The concept of silent authentication can manifest itself in a form as straightforward and unassuming as an app running in the background on a smartphone, using machine learning and data analysis to constantly identify and authenticate its user. Silent authentication is derived from three core consumer trends: trust in the connected devices that make up the IoT, the unabated desire for simple experiences, and the growing affinity for highly personalized services.

Talk of trends is cheap, though, and there’s a significant amount of innovation required to turn that concept into reality. We’re just now reaching a point where an IoT device and surrounding services can capably pack enough power to enable silent authentication.

The promise it holds is for our digital lifestyles to no longer be compromised by an endless treadmill of carelessly stored and rarely remembered usernames, passwords and PINs. Instead, silent authentication through modern devices and sensors will pair those physiological biometrics, including fingerprint, facial and iris recognition, the shape of a hand or vein pattern, or even a heartbeat, with behavioral characteristics, such as the way an individual walks, types on a keyboard or talks, plus surrounding signals and geolocation.

That precise conglomeration of characteristics, signals and data points is combined into a rich, multidimensional profile of each unique customer or user, which serves as the underpinning of silent authentication.

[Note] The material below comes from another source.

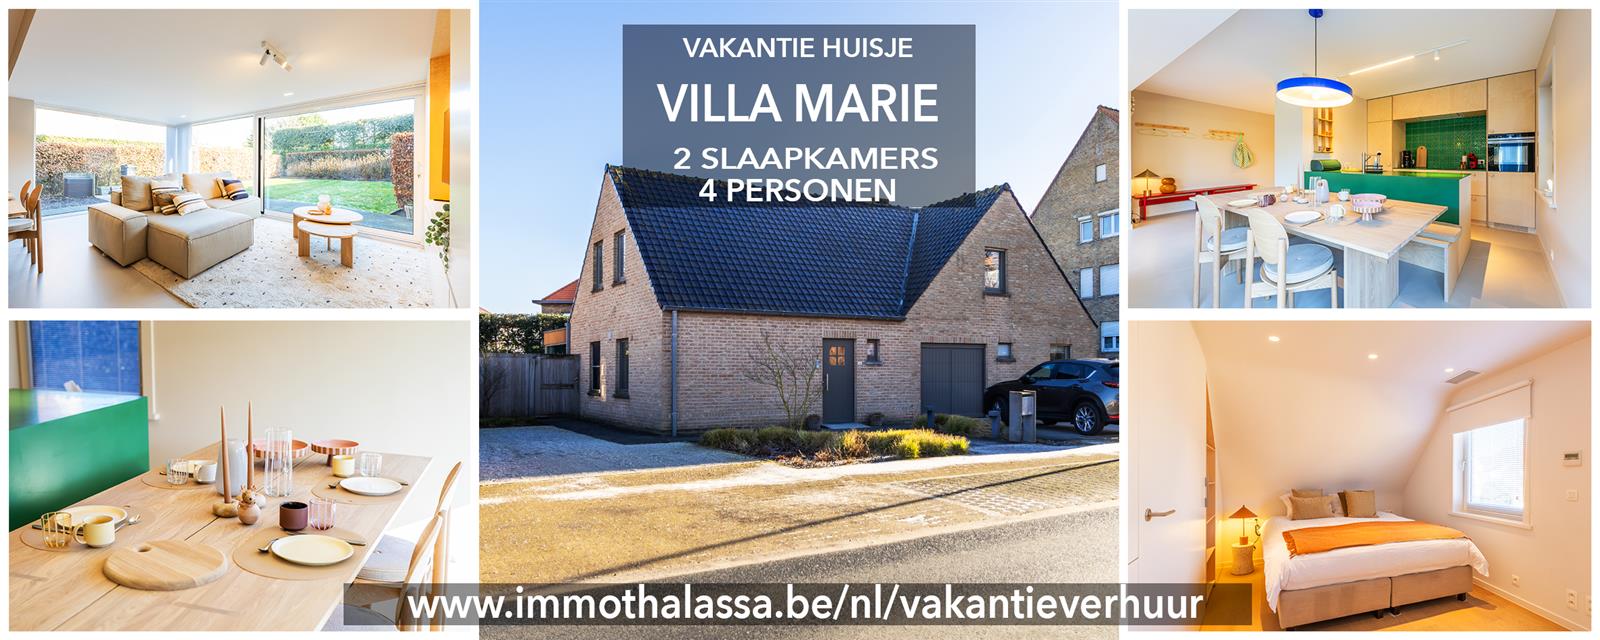 Marie/villa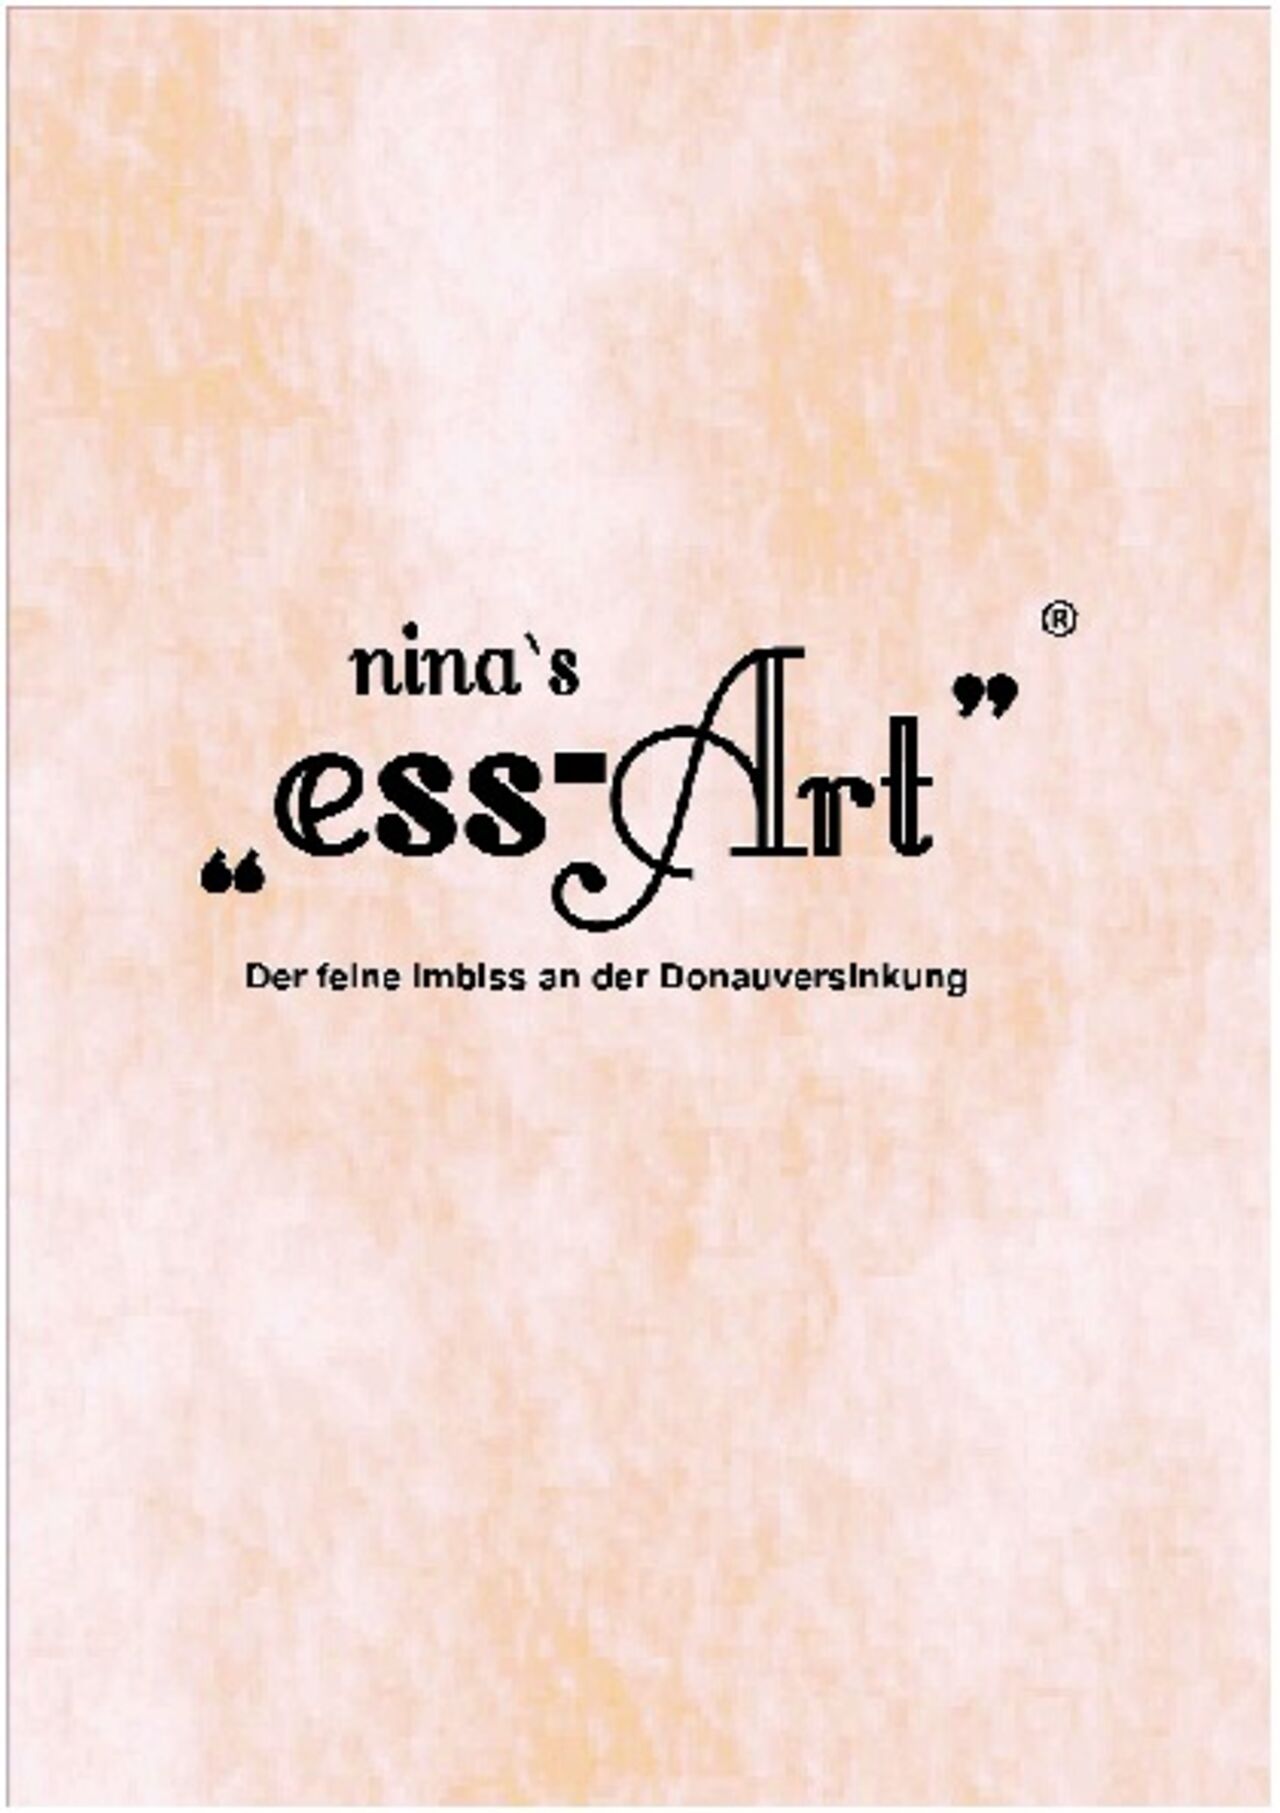 A photo of Nina's Ess Art

A device and the network of service providers connected to it can then use that individual profile to accurately analyze, in real time, the credibility of any payments transaction. Low-risk payments can be processed without the need for additional authentication steps. Conversely, if the authentication system spots something out of the ordinary, extra measures can be implemented to prevent the possibility of fraud.

It helps to consider silent authentication as part of several junctures in an everyday scenario like an e-commerce purchase, where identification and preemptive authentication at “check-in” will gradually come to replace 2FA at checkout.

In this example, an online purchase could occur via PayPal or a similar payment service, silently authenticated by the customer’s profile, rather than necessitating password recall and entry or possibly even a Touch ID scan. Once the merchant is ready to dispatch the goods, its system selects the most appropriate means of delivery, based precisely on where the customer is geolocated at any given moment. In the spirit of modernization, let’s say that’s by drone.

A message is then pushed to the buyer, proposing a time and place to hand over the goods. If the customer confirms it is convenient, the parcel is sent on its way. Upon arrival, by leveraging silent authentication again, the drone can immediately recognize whether the purchase has reached its rightful recipient. If everything checks out, the transaction is completed, without the consumer ever having to proactively authenticate themselves. If there’s cause for concern, additional authentication can still be employed.

When it comes down to it, silent authentication holds the key to a frictionless future across the realm of IoT payments.